Assessing attribution finding outputs in FiftyOne If we were to build out the official MEME Bench, we could treat this as a simple classification task where the model either correctly identifies the attribution or doesn’t. Performance could be measured using standard binary classification metrics like accuracy, precision, and recall. Additionally, we might want to track false positives where models “hallucinate” attributions that aren’t present, as this gives insight into their reliability for detecting fine-grained details. Since the task involves extracting specific text, we could also use fuzzy string matching to account for minor variations in how models might format their responses (e.g., “scott.ai” vs “@scott.ai” vs “www.scott.ai").

🏆 Based on my initial vibe check, the clear winner here is Moondream2. If you feel otherwise, leave a comment below, but I think you’d be hard pressed to counter me.

Meme Captioning

Meme captioning is a generative task that’s distinct from our previous experiments:

Unlike OCR, which extracts existing text
Unlike meme understanding, which interprets the combined meaning
Captioning requires the model to create novel, contextually appropriate text

This is challenging because good meme captions:

Match the visual template’s intended use.
Are culturally relevant to the target audience (in our case, the ML/AI community)
Strike the right balance of humour and relatability.
Follow an established format of the meme template.
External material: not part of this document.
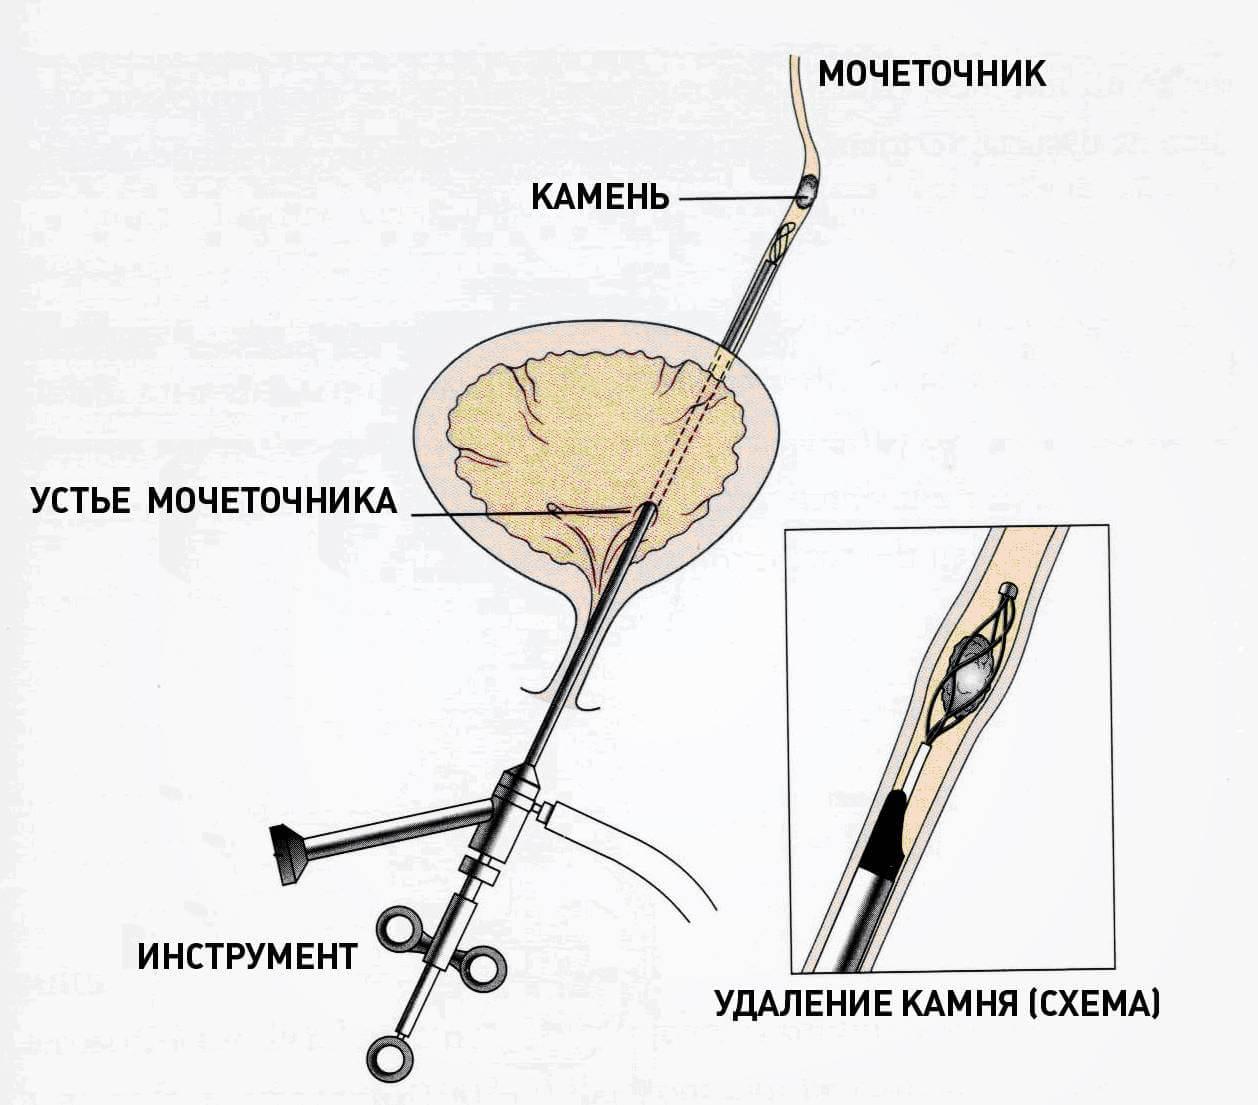 Введение уретроскопа через мочеиспускательный канал
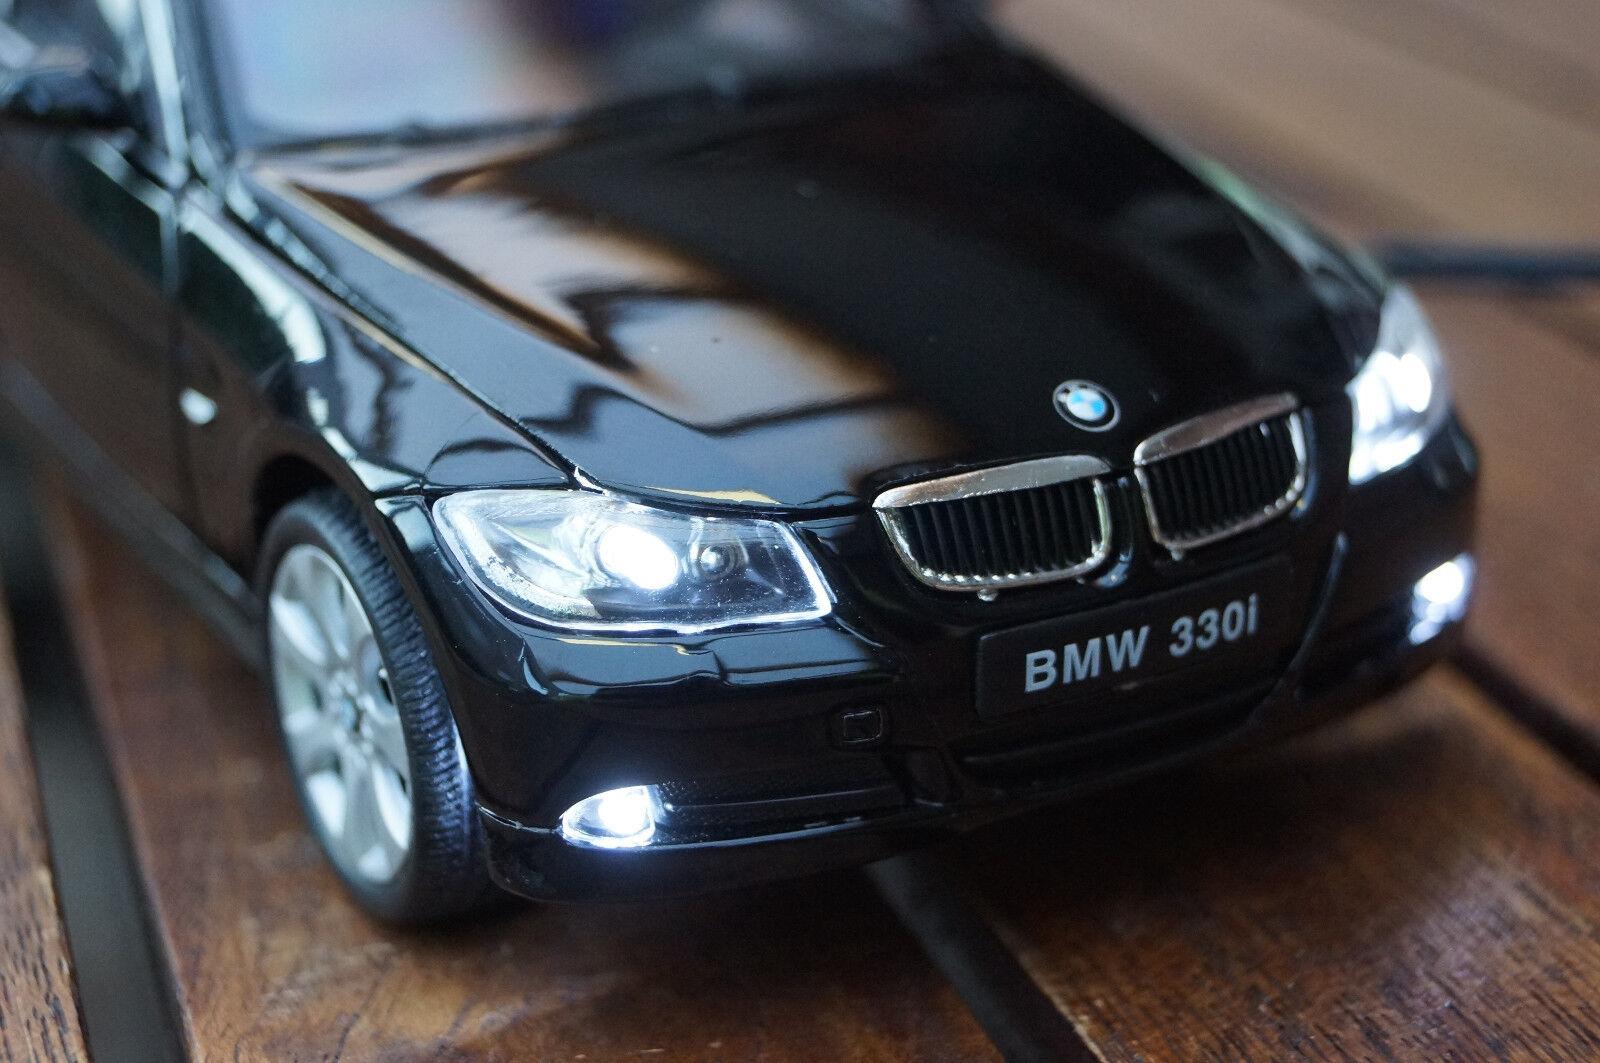 BMW 330i 3-ER E90 MIT XENON(BELEUCHTUNG)WELLY SCHWARZ IN 1 24

You could use metrics like BLEU or ROUGE to evaluate captions against references, but they often miss the aspects of humour and cultural relevance. Like the previous tasks, a qualitative “vibe check” is probably the most reliable way to assess the quality of the captions. Let’s download another dataset (a grouped dataset with a captioned and un-captioned meme…but we will work with only un-captioned) and then see what our models generate.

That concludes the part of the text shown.